He may well be right. But what does this mean for job-creation, cutting back on bloated public sector employment, increasing exports and confronting the post-Brexit crisis of the EU? More Europe? More Hollandisme, but without the mistresses and the midnight scooter rides.
Butting heads with Macron, Marine Le Pen has not exactly run a convincing campaign. She has been lack-lustre, as if slightly distracted. But perhaps she has just been keeping her power dry for a cannonade that will knock Macron clean off his perch. We know (or we think we know) what she will do if she gets hold of the keys of the Elysée. She will pull France out of the single currency and reintroduce the franc. Later, at a moment of her choosing, she will announce a referendum on EU membership that, if won, would almost certainly mean the end of everything Europe has known since the Treaty of Rome in 1957.
So no bother there. In the meantime, she would instigate something of a reign of terror directed against troublesome minorities that would target Islamists but, if carried out as indicated, risk turning existing fractures into a gaping chasm.
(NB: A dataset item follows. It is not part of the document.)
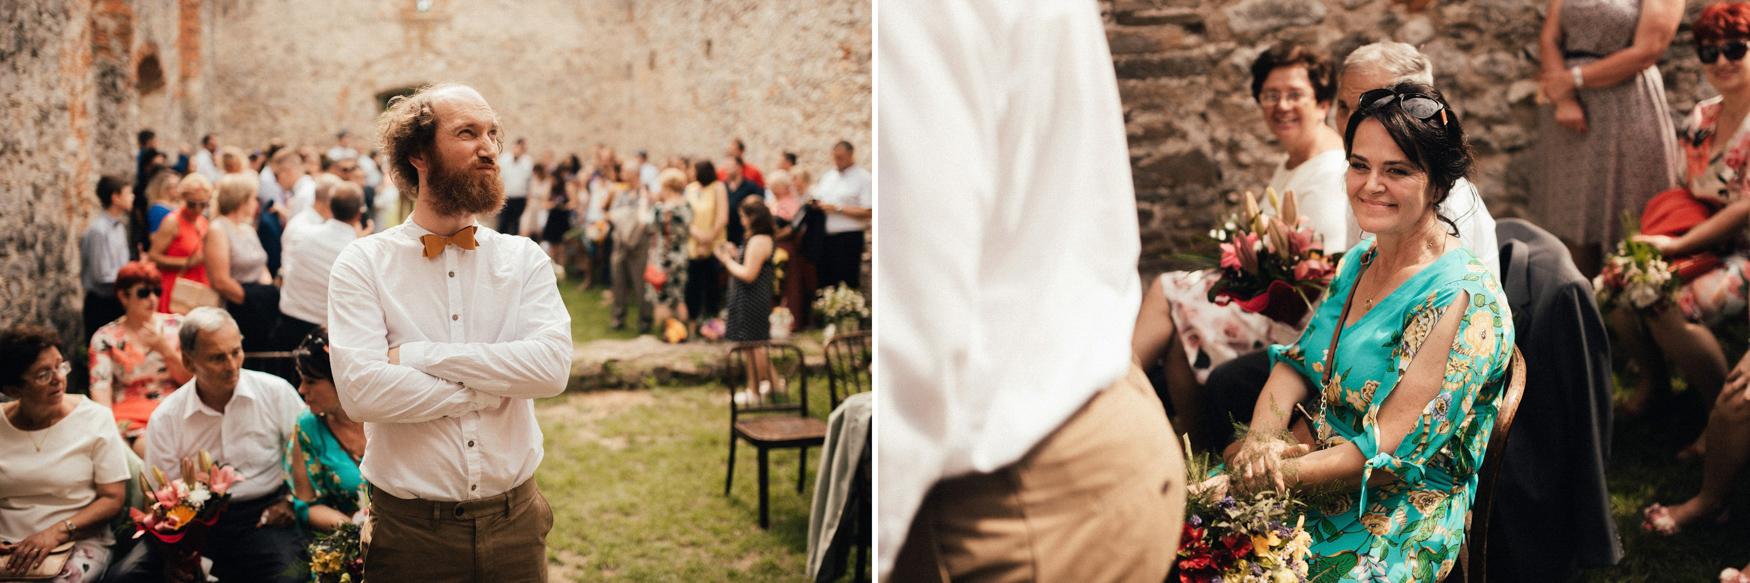 k&p relaxed hipster barn wedding 059.jpg

Again, no surprises there.
Beyond that, if there is a beyond, she would try to create jobs for French workers and, if such an approach is still possible after the ongoing Syrian debacle, cosy up to both Vladimir Putin and Donald Trump.
Or, she could just settle into the Presidency putting on her stern face and react to events as they came along, relying on rhetoric to cover up the fact that she doesn’t really know what she’s doing.
Which leaves François Fillon. The former Prime Minister, having suffered five years as number two to Nicolas Sarkozy followed by a campaign of vilification in the press based on the fact that he appears to have embezzled close to a million euros from the French treasury, is in payback mode. Weary, yet still combative, like a heavyweight boxer whose legs have gone but still packs a haymaker of a punch if only he could get lucky, Fillon is not ready to admit defeat. Just as importantly, nor are his supporters, the Catholic equivalent of the Silent Majority invoked by Ronald Reagan when he took on Jimmy Carter in 1980.
Catholic Conservatives in France have lost out time and again in recent elections. No one knows quite how many they are, but they have been coalescing around Fillon in recent months, apparently unconcerned about his alleged misdeeds, as if to say: “What’s the problem? Wouldn’t you have given your wife a highly-paid fictional job if you could? Wouldn’t anyone? We’re all French here. Let’s not play the hypocrisy game.”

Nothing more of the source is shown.